The core claim is a conspiracy to monopolize where Apple’s control over iPhone distribution and defaults allegedly props up OpenAI’s lead in consumer chatbots.
The target is Apple’s system-level integration of OpenAI features, which means built-in access, privileged surfaces, and default entry points that competitors like xAI’s Grok cannot easily match.
In other words, if the operating system routes users toward one assistant by default and ranks that choice highest, rivals face higher user-acquisition costs and weaker data feedback loops.
xAI asks the court to break the Apple OpenAI arrangement and award money damages that it says could be in the billions. OpenAI calls the suit harassment, and Apple has not commented, which sets up a straight legal fight over market power and platform control.
The legal test will hinge on how the “smartphone” and “chatbot” markets are defined, how much effective foreclosure the defaults cause, and whether users lose choice or quality rather than a single competitor losing share.
More granular details if you are interested, from the court filings by xAI aginst Apple and OpenAI.
xAI says Apple and OpenAI cut an exclusive deal that makes ChatGPT the only chatbot built into the iPhone, which they say locks up both smartphones and chatbots.
Apple holds 65% of US smartphones and OpenAI holds 80%+ of chatbots, so joining forces blocks rivals like Grok from fair access.
The core complaint is that Siri, Writing Tools, and the Camera send prompts only to ChatGPT, giving it unique access to 1.5B daily Siri requests and starving competitors of the scale they need to improve.
xAI says that more prompts make a model better which attracts more users which then creates a loop that shuts others out.
They say Apple worsens this by promoting ChatGPT in App Store placements while downranking or slowing reviews for Grok and the X app.
They claim Apple refused system-level integration for Grok, so competitors are stuck as plain apps without the same access or convenience.
Google and Anthropic were also shut out after Apple chose OpenAI, which shows the deal was meant to be exclusive.

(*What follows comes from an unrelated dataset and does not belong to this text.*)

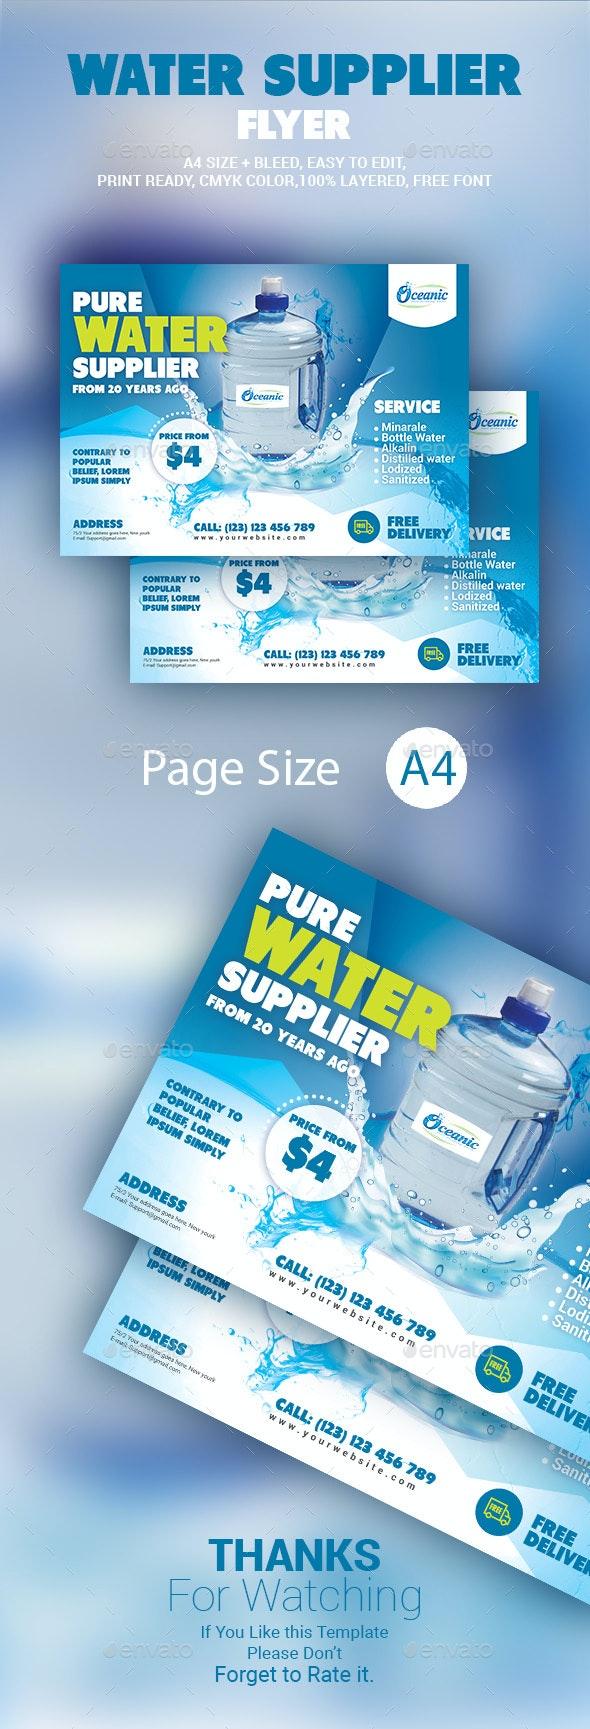 Water Supplier Flyer - Commerce Flyers

They point to plans for Apple and OpenAI to share future revenue from ChatGPT usage on iPhone as proof both sides profit from keeping defaults closed.

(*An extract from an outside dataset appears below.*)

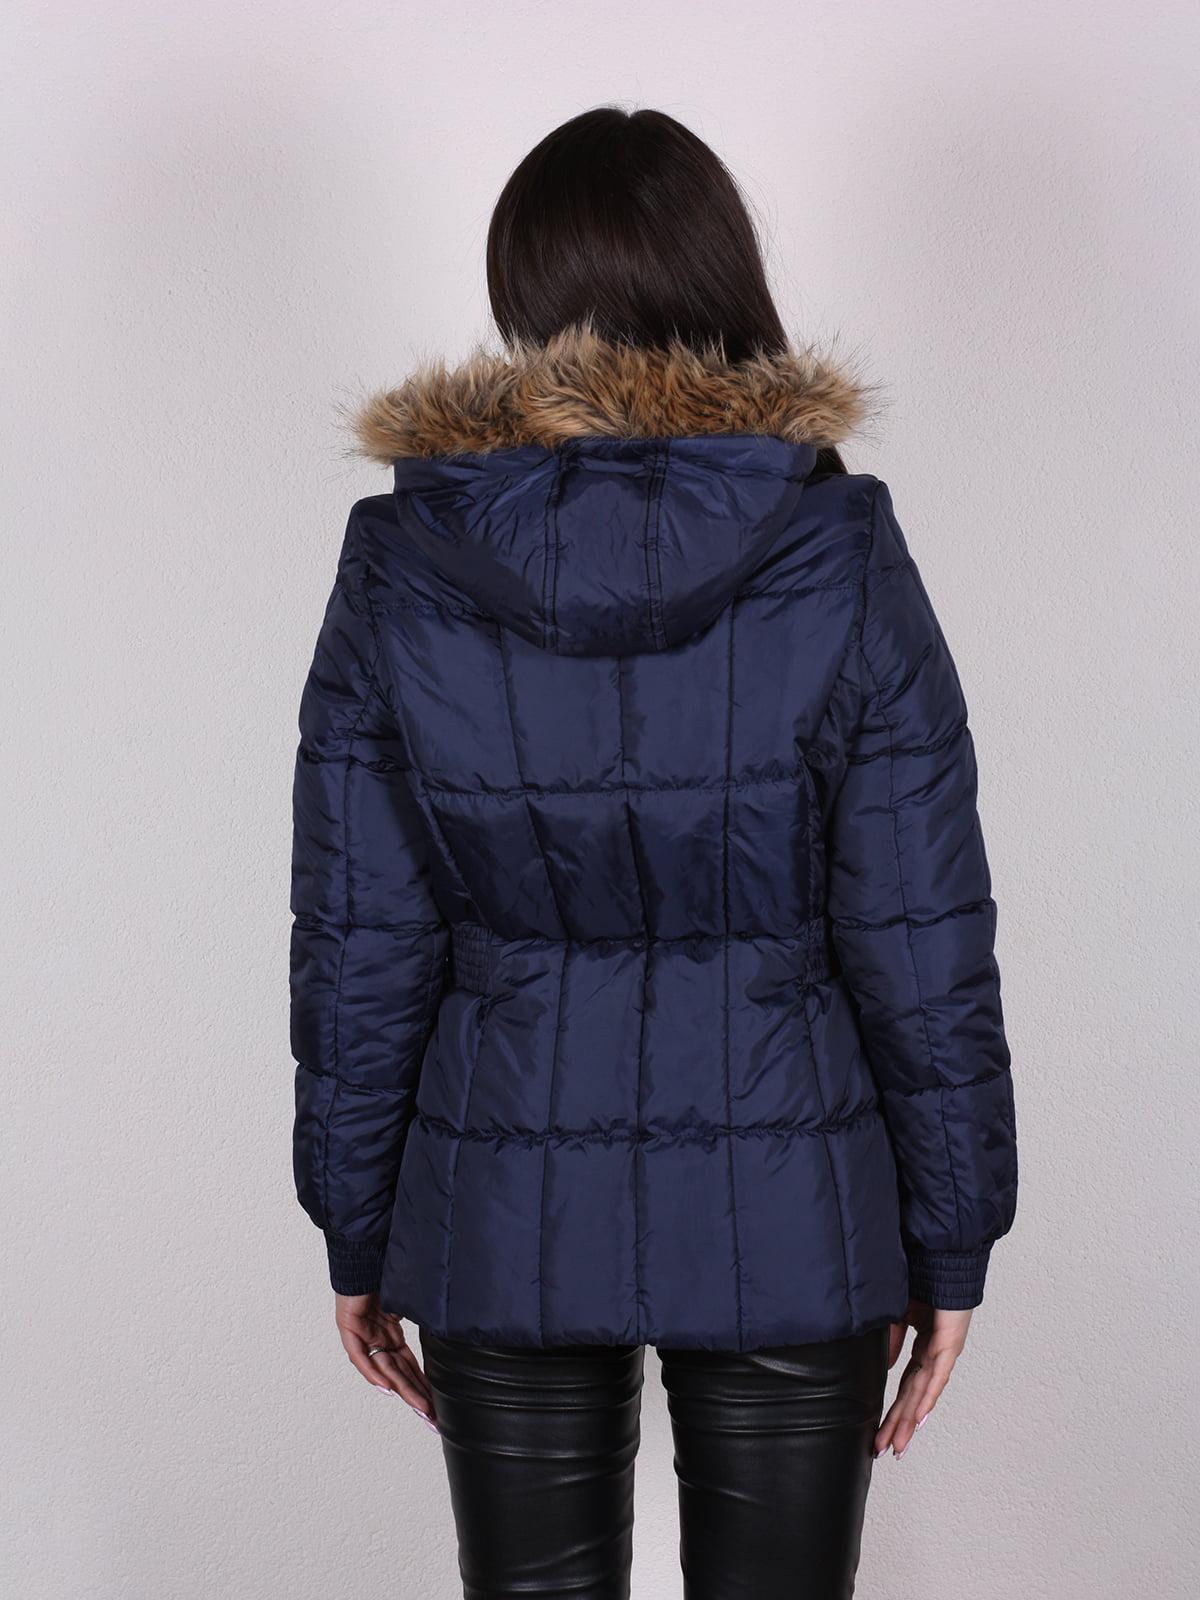 Куртка темно-синяя   4922487   фото 4

They argue there is no technical or security reason not to let users choose any assistant via standard interfaces, so exclusivity is a business choice.
The harm to people is less choice, slower improvements, and higher phone prices than a world where super apps compete directly.

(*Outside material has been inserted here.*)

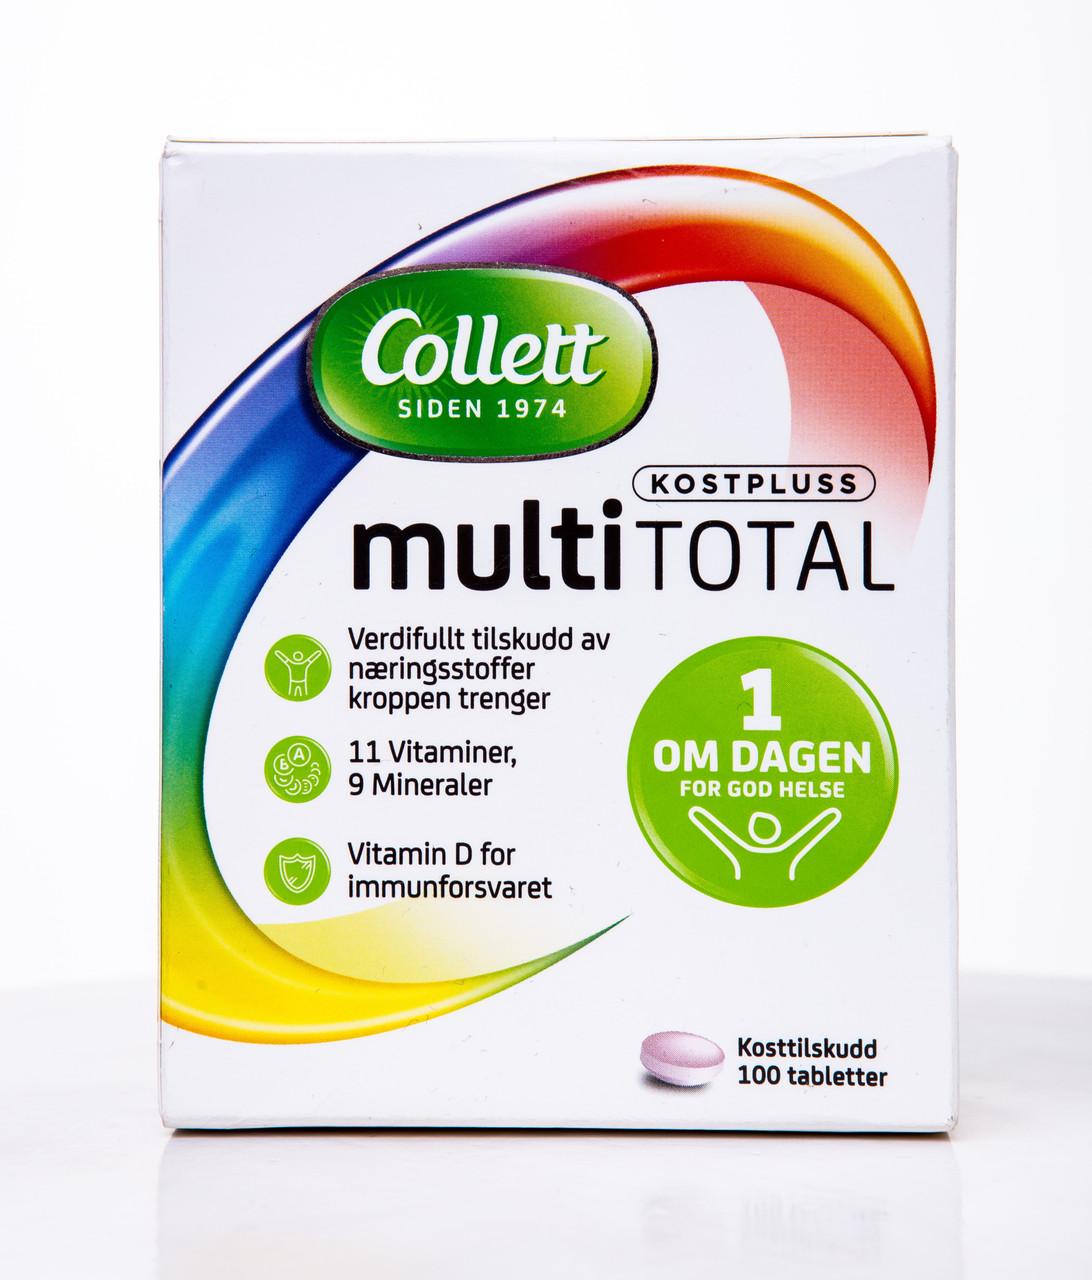 Витамины и минералы комплекс Collett Multi Total 100 таблеток Норвегия

They frame super apps as a direct threat to iPhone lock-in, so Apple uses defaults and store control to keep that threat at bay.
The legal counts include a conspiracy and agreement that restrains trade, using monopoly power in both markets, attempted monopolization, unfair competition, and Texas antitrust claims.
The fixes they seek are a court order to unwind the tie, real system-level choice, and billions in damages.
That’s a wrap for today, see you all tomorrow.